Yarının eşit dünyasını bugünkü mücadele kurar

Petrol-İş Sendikası Kocaeli Bölge Avukatı Doktor Murat Özveri insanın insanı sömürmesinin sistem olarak ortaya çıktığı gün insanın insanı sömürmediği bir dünya hayalinin ortaya çıktığını belirtip o dünyanın bugünün mücadelesi ile kurulabileceğini söyledi

Siyasi lügat ve hayli özetle..

Kapitalizm; üretim araçlarının özel mülkiyetine ve bunların kar amacıyla işletilmesine dayanan, 16’ncı yüzyılda çıkan, serbest piyasa ekonomisi sistemidir.

Liberalizm; ekonomi dâhil bireysel özgürlük üzerine kurulan bir siyasi felsefedir. Kapitalizm ve liberalizmin ortak yönü, bireysel kalkınmayı ön planda tutmasıdır. Liberalizm, kapitalizme kıyasla özgürlükçüdür!

Milliyetçilik; ekonomi dâhil her anlamda belirli bir milletin çıkarlarını gözetir.

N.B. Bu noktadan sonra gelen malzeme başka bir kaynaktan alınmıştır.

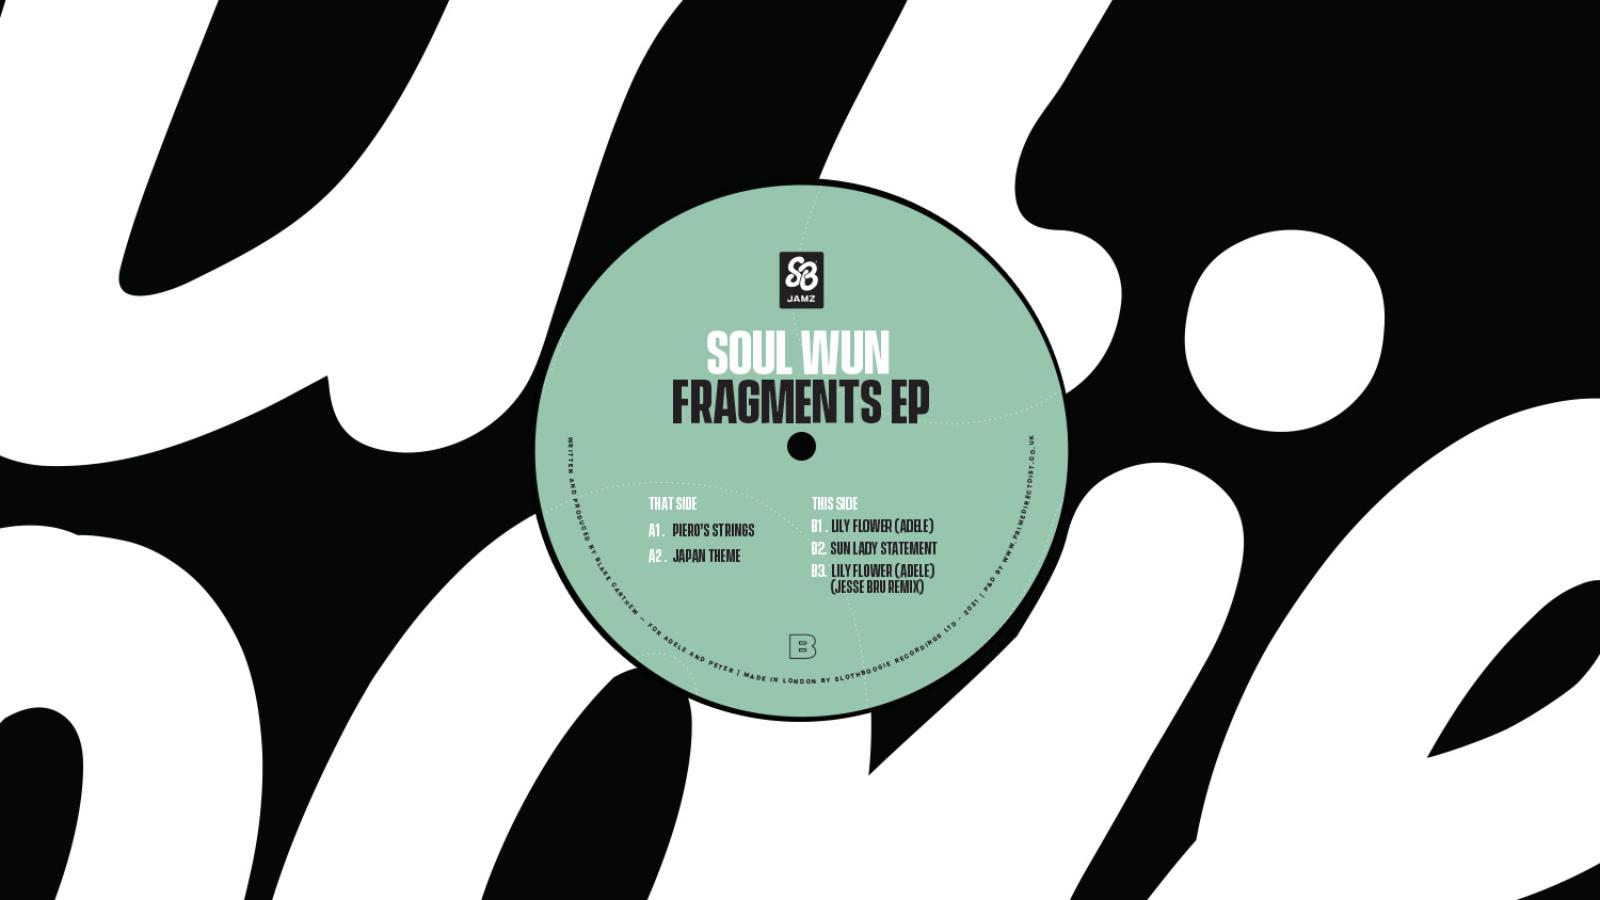 SBJAMZ007-Vinyl-Mock-Up-B
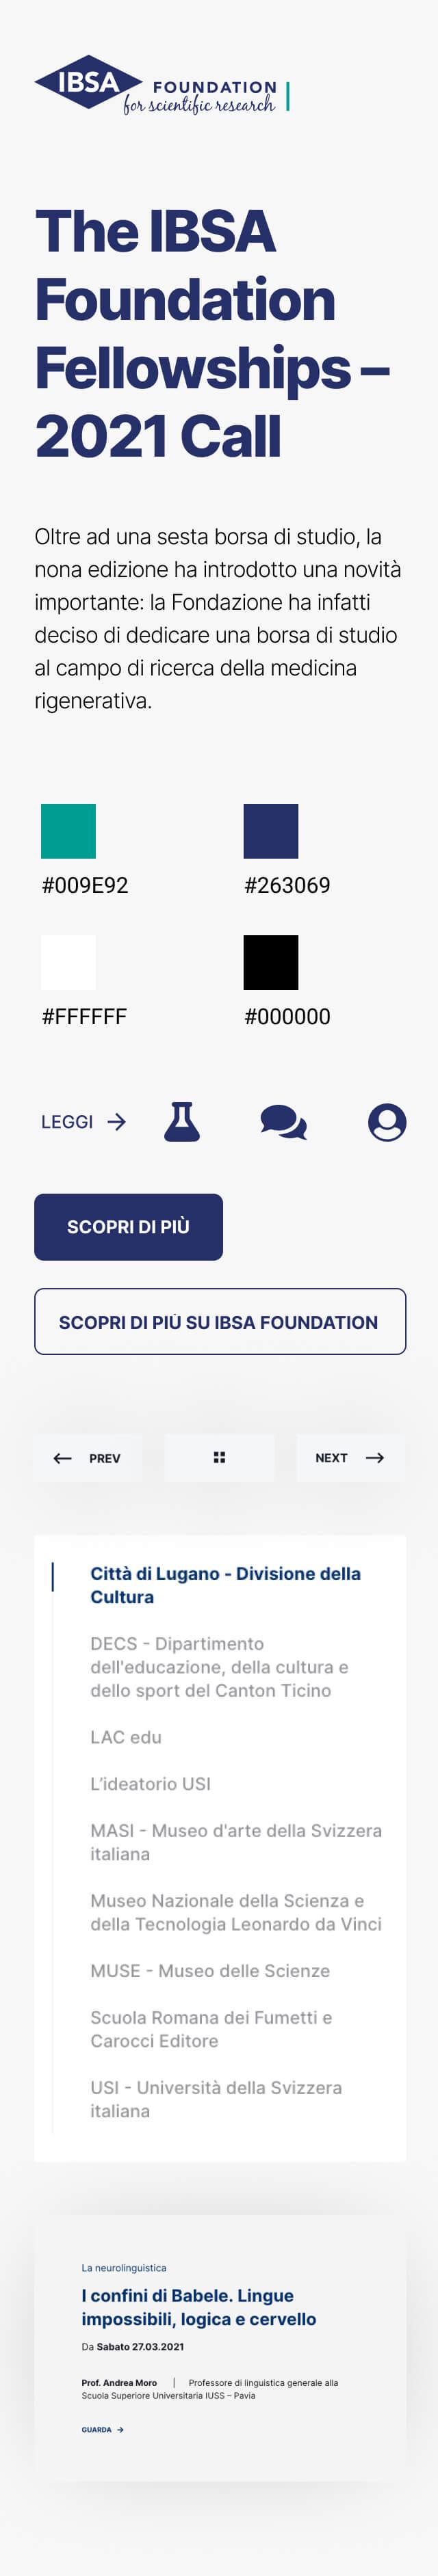 IBSA Foundation elementi grafici

Muhafazakârlık; geleneksel sosyal etmenlerin muhafaza edilmesini destekleyen politik ve sosyal felsefedir.

Sosyal demokrasi; ekonomi ve diğer alanlarda demokratik toplumculuğu kurmayı hedefler.

Sosyalizm; sosyal ve ekonomik alanda toplumsal refahın katılımcı demokrasiyle sağlandığı yönetim biçimidir. İşçilerin yönetime katılmalarına ağırlık verir.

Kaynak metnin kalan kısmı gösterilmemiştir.